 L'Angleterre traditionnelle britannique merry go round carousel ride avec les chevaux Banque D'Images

...

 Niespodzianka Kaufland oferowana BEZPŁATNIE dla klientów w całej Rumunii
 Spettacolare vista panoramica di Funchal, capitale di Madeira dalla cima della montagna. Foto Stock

--

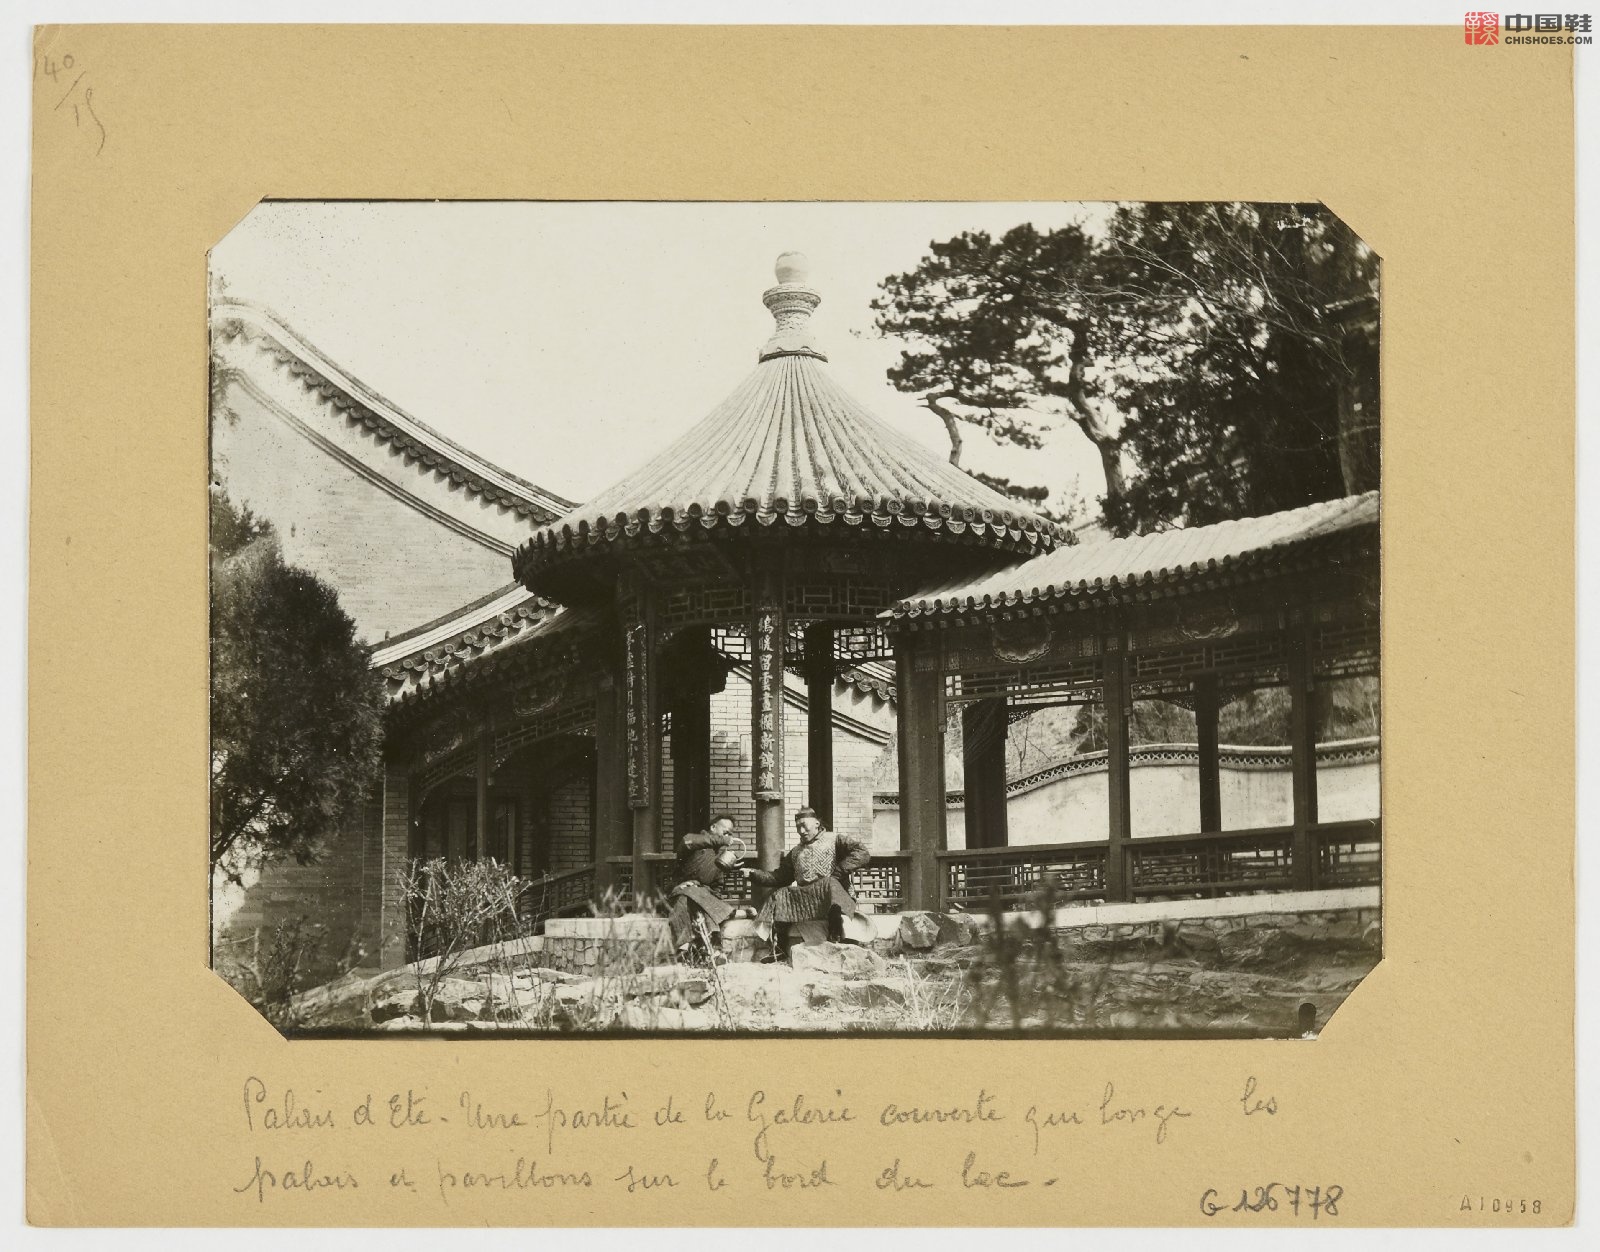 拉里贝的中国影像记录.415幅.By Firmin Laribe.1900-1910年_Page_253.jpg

EXERCISE -
Lines wanted from the listing above: the line with "Niespodzianka Kaufland oferowana" up to and including the line with "Spettacolare vista panoramica". Please write them out exactly, adding nothing else.

SOLUTION -
 Niespodzianka Kaufland oferowana BEZPŁATNIE dla klientów w całej Rumunii
 Spettacolare vista panoramica di Funchal, capitale di Madeira dalla cima della montagna. Foto Stock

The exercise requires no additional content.